По мнению Баранта, Россия неуклонно развивалась в том же направлении, что и Европа. В этой связи он проводил водораздел между временем правления императора Павла I и николаевской Россией. Посол писал: ‘Между Россией 1801 года и Россией 1837 года, между эпохой безумств Павла и царствованием императора Николая, существуют важные различия, хотя форма правления и общественные классы внешне остались теми же’. В чем же барон усматривал эти кардинальные отличия? Они, по его убеждению, заключались в укрепляющейся силе общественного мнения, разбуженного знакомством с Европой в ходе Наполеоновских войн и ‘грозы 1812 года’. Несмотря на то, что русская нация не получила правовых институтов для отстаивания своих интересов, власть была вынуждена считаться с общественным мнением. Россия Николая I вовсе не представлялась французскому дипломату полицейским государством, в котором будто бы господствовал раболепный обскурантизм, мысль притуплялась, а свободное слово пресекалось на корню.
Отмечая общность путей развития России и Европы, Барант понимал, что Россия в то же время имеет собственную специфику, поэтому ее нельзя подгонять под западные шаблоны и стереотипы. Об этом он писал министру иностранных дел графу де Моле 22 февраля 1838 г.: ‘Система управления и законы, действующие в [Российской империи], не могут сравниться с законами европейских государств. Их нужно рассматривать только применительно к русскому народу и к территории, на которой они действуют. Все и всегда там было отлично от того, что существует на Западе, и мы рискуем ничего не понять, если будем судить о русских по нашим меркам и представлениям’ [37].

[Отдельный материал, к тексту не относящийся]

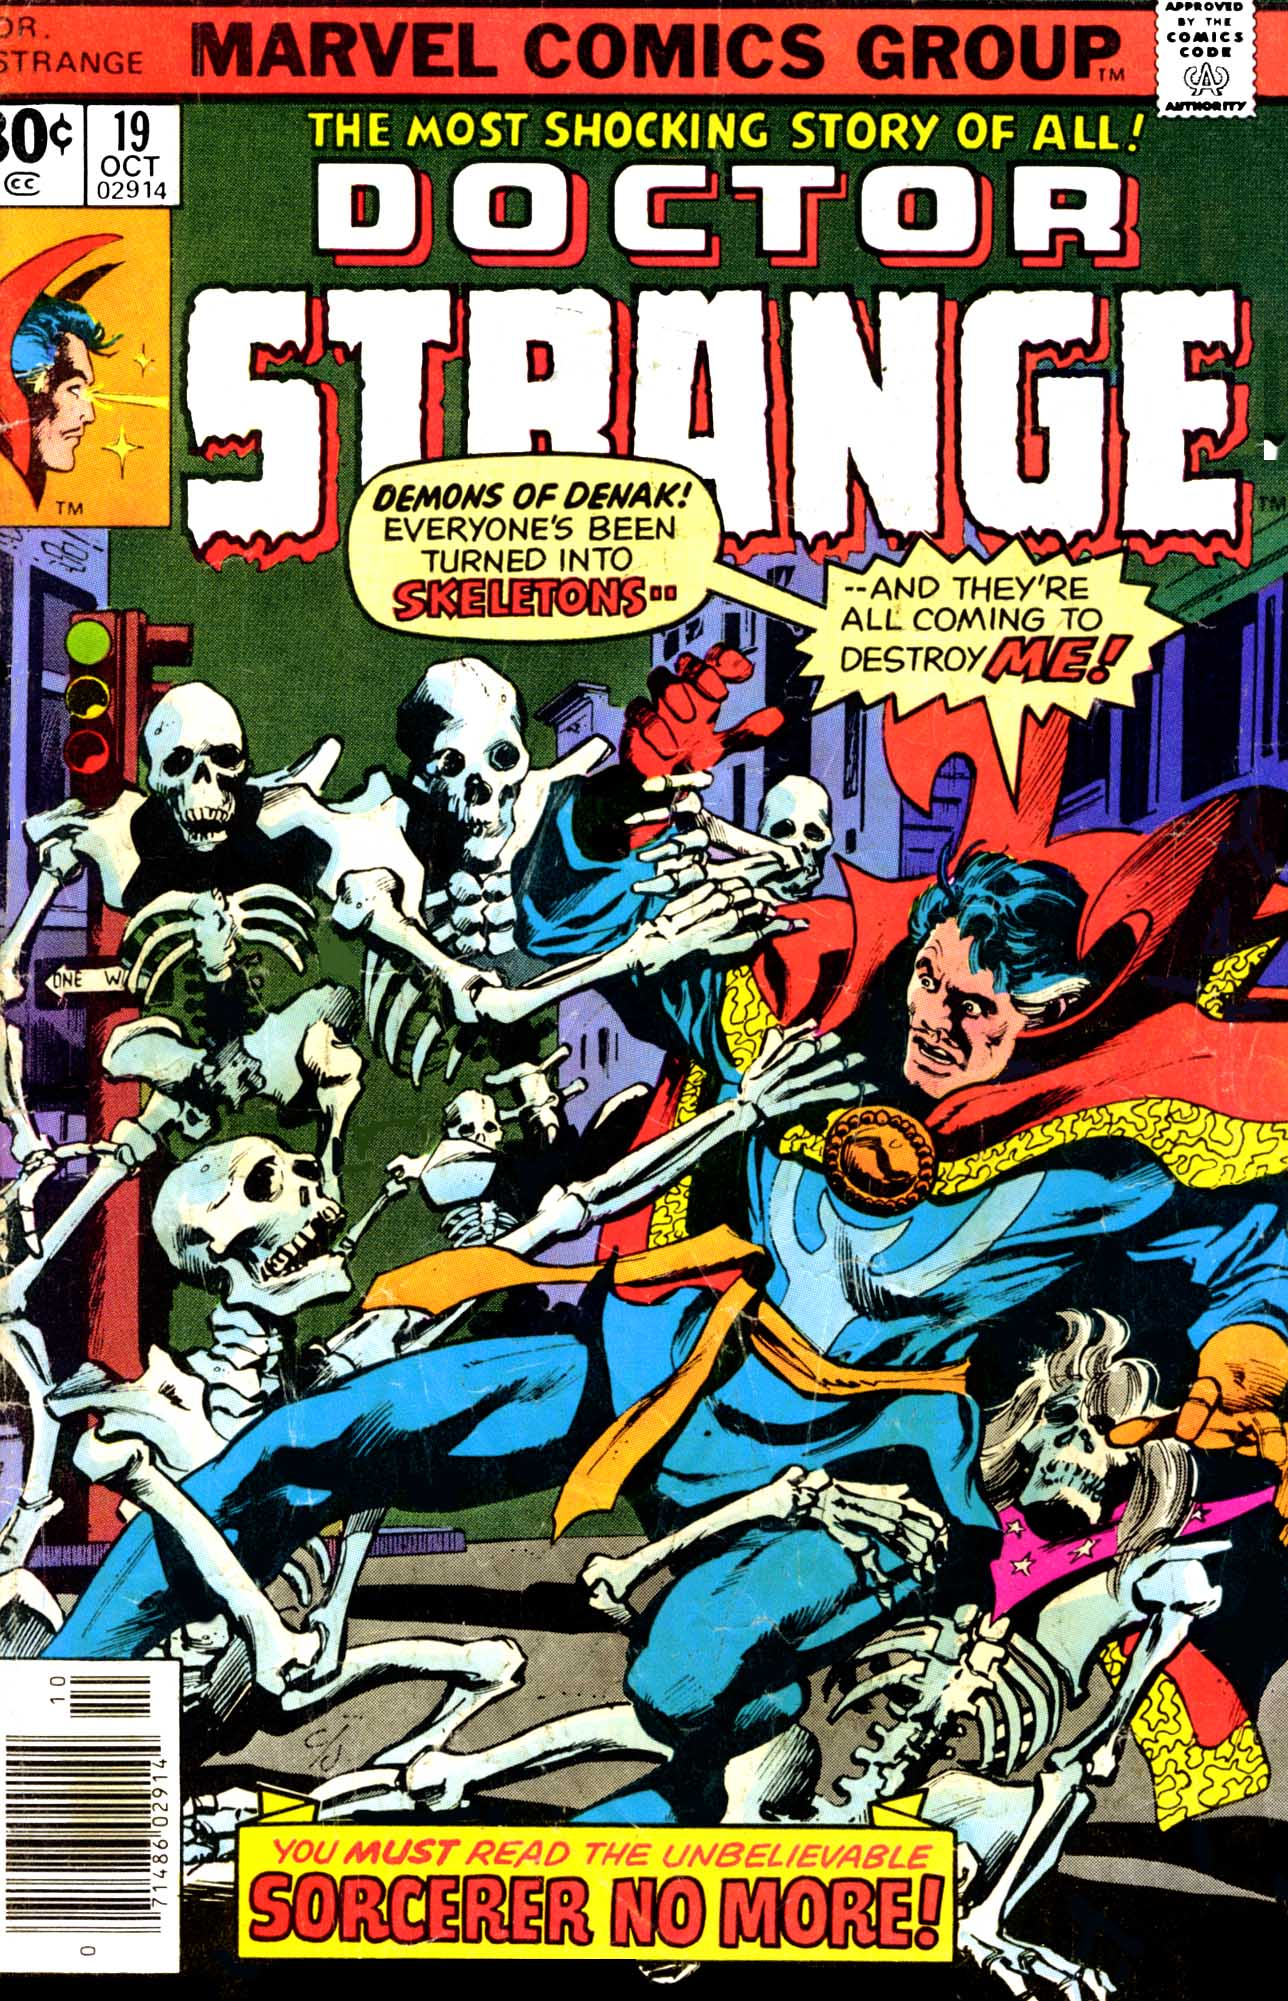 Doctor Strange (1974) 19 Page 1

Характеризуя состояние российской политической системы, Барант подчеркивал, что в современной ему России абсолютная власть больше не имела своим началом ‘персональные фантазии’ суверена: ‘Очевидно, между государем и подданными существует негласный договор, основанный на убеждении, что власть должна служить общественному благу, действовать в соответствии с разумом и справедливостью’. Россия, по словам дипломата, не являлась больше олицетворением ‘восточного деспотизма и варварства’, ‘империей, подчиненной капризам своего господина’. Она прошла путь от ‘… абсолютной монархии, опирающейся на волю и страсти суверена’, до монархии внешне также абсолютной, но ‘… ощущающей свой долг по отношению к стране и использующей свою власть во имя общественного блага’ [38].
Но не только власть изменила свое отношение к народу, изменились, по мнению Баранта, и сами люди: хотя ‘…классы, составляющие нацию, остались в прежнем состоянии, без расширения прав, без видимого изменения положения, они уже далеко не те, какими были тридцать лет назад’ [39].
Итак, монарх, пусть абсолютный, но вынужденный учитывать фактор общественного мнения и ответственный за судьбу отечества, общественное мнение, пусть без ‘трибуны и газет’, но начинающее заявлять о себе, массы трудового населения, еще далекие от общественной жизни, но в будущем способные оказывать влияние на принимаемые политические решения — такой Баранту, либеральному политику, стороннику режима представительного правления, видится Россия. Именно в умеренных реформах, в диалоге между государством и формирующимся гражданским обществом, по его убеждению, заключался залог стабильности и спокойствия государства и гарантии от революционных потрясений, свидетелем которых он был у себя на родине и опасность которых видел в России, с ее нерешенным крестьянским вопросом и сохраняющимся крепостным правом. При этом либерал и убежденный противник неограниченной монархии, Барант признавал совершенно необходимым для России сам факт существования абсолютной власти. Характерно, что это убеждение было свойственно едва ли не всем послам Франции в рассматриваемое время.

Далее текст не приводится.